Been a few days since I’ve checked in as we continued our Undaunted Courage 2017 Tour up the mountain chain from Salt Lake City into Montana, the main reason being contracting a nasty case of bronchitis.

But I’m feeling well enough to finally make some sense when I write—although I’m sure plenty will contest the fact—so it’s time to get back to recording things before, as happened to the unfortunate Meriwether Lewis, the account of our trip is lost in the mists of history.

The trip north out of Salt Lake got off to a slow, rainy, start since, as it turns out, rush hours in big cities is the same the nation over. As we inched north on I-15 it occurred to me that big city traffic and streetscapes are pretty much the same everywhere we’ve traveled.

But after getting north of the city center, traffic eased considerably as we drove into cattle, mining, and oil country.

2017 9-15 Lima, MT s

Although it was snowing pretty good in Lima, MT, it fortunately wasn’t sticking to the roads as I snapped this shot in the parking lot at Jen’s Cafe & Cabins.

Along about Idaho Falls, we got into what turned out to be a fairly vigorous series of snow squalls that followed us north along the chain. By the time we stopped for lunch at Jen’s Café & Cabins just across the Idaho state line in tiny Lima, Montana, there was about 5” of the stuff on the ground, with more coming down.
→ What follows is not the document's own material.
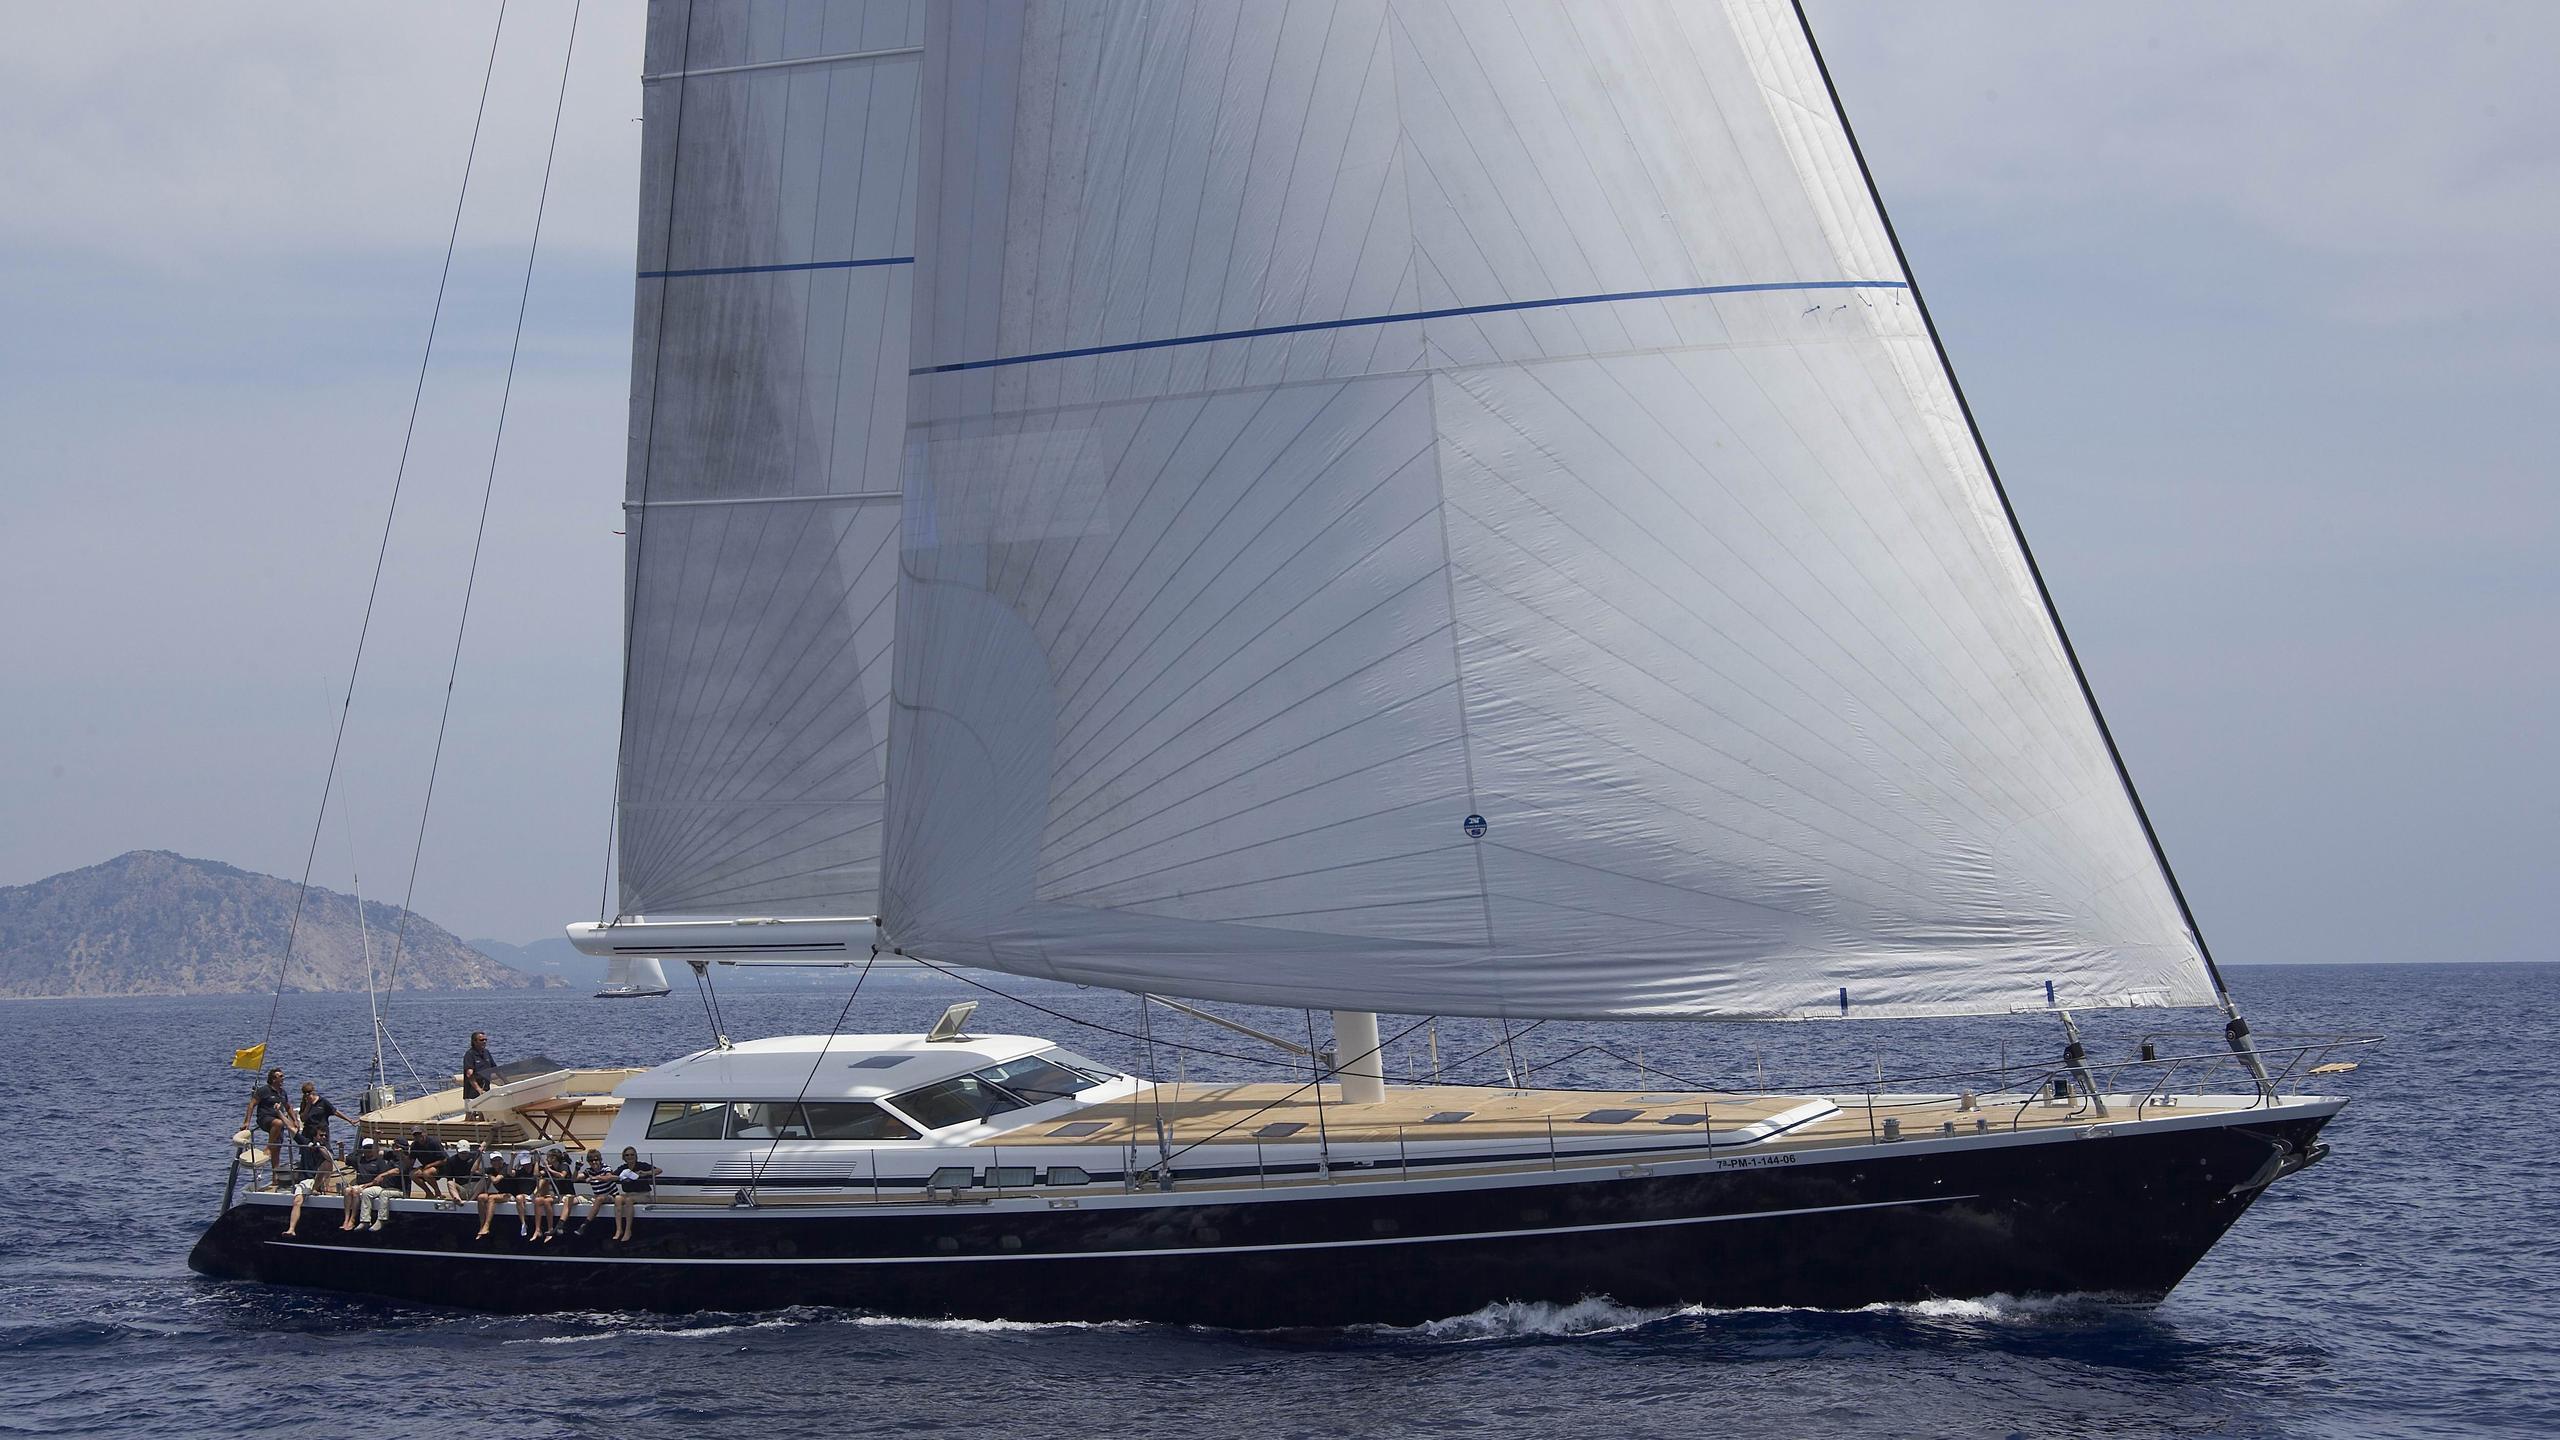 Piaffe II yacht

Definitely a day for hot beef sandwiches. The locals were shaking their heads; Sept. 15 is a mite early for more than a dusting of snow, even in this high country.

Driving ever farther north, we eventually ran out of the snow as we crossed the continental divide twice.

Speaking of undaunted courage, you can’t get away from the redoubtable Lewis and Clark on I-15, passing as you do right by the Clark Canyon Reservoir and Clark’s Lookout State Park. Looking at the landscape as we drove, it wasn’t hard to imagine it as it was when the Corps of Discovery marched through—outside infrequent fences and pumping oil wells, the landscape itself hasn’t changed a whole lot.

At Butte, Montana we picked up I-90, and headed farther up the mountains to Missoula. From there U.S. Route 93 took us right north up to the foot of Flathead Lake and the town of Polson where my childhood buddy Bob and his wife live.

It was definitely cattle and horse country, but it also turned out to be wheat and potato country. Farmers rotate their potato and wheat crops to benefit the soil that’s none too deep in the river valleys where farming is conducted. We drove through just after the wheat harvest had been completed and the order of the day was baling straw, stacking the huge round bales modern machinery creates, and hauling them to market.

Unlike Illinois’ rural areas, local gravel roads are still the norm in the west. In the urbanizing Midwest of northern Illinois we’ve gradually replaced most rural gravel roads with either tar and chip or asphalt-surfaced roads, that are cheaper to maintain and which are more economical for drivers. Blacktopped roads create far less wear and tear on vehicles, and both cars and trucks get far better gas mileage on hard-surfaced roads.

Back in the 1920s when Illinois was considering how best to spend proceeds of a $63 million bond issue voters had approved in 1918, they paid attention to studies carried on concerning fuel efficiency on various road surfaces. In July 1922, Concrete Highway Magazine reported that a road test in Cleveland, Ohio measured fuel efficiency on five 2-ton White trucks loaded to capacity traveling over roads with various surfaces. The trucks averaged nearly 12 miles per gallon of gasoline over concrete roads and 9 mpg on gravel roads.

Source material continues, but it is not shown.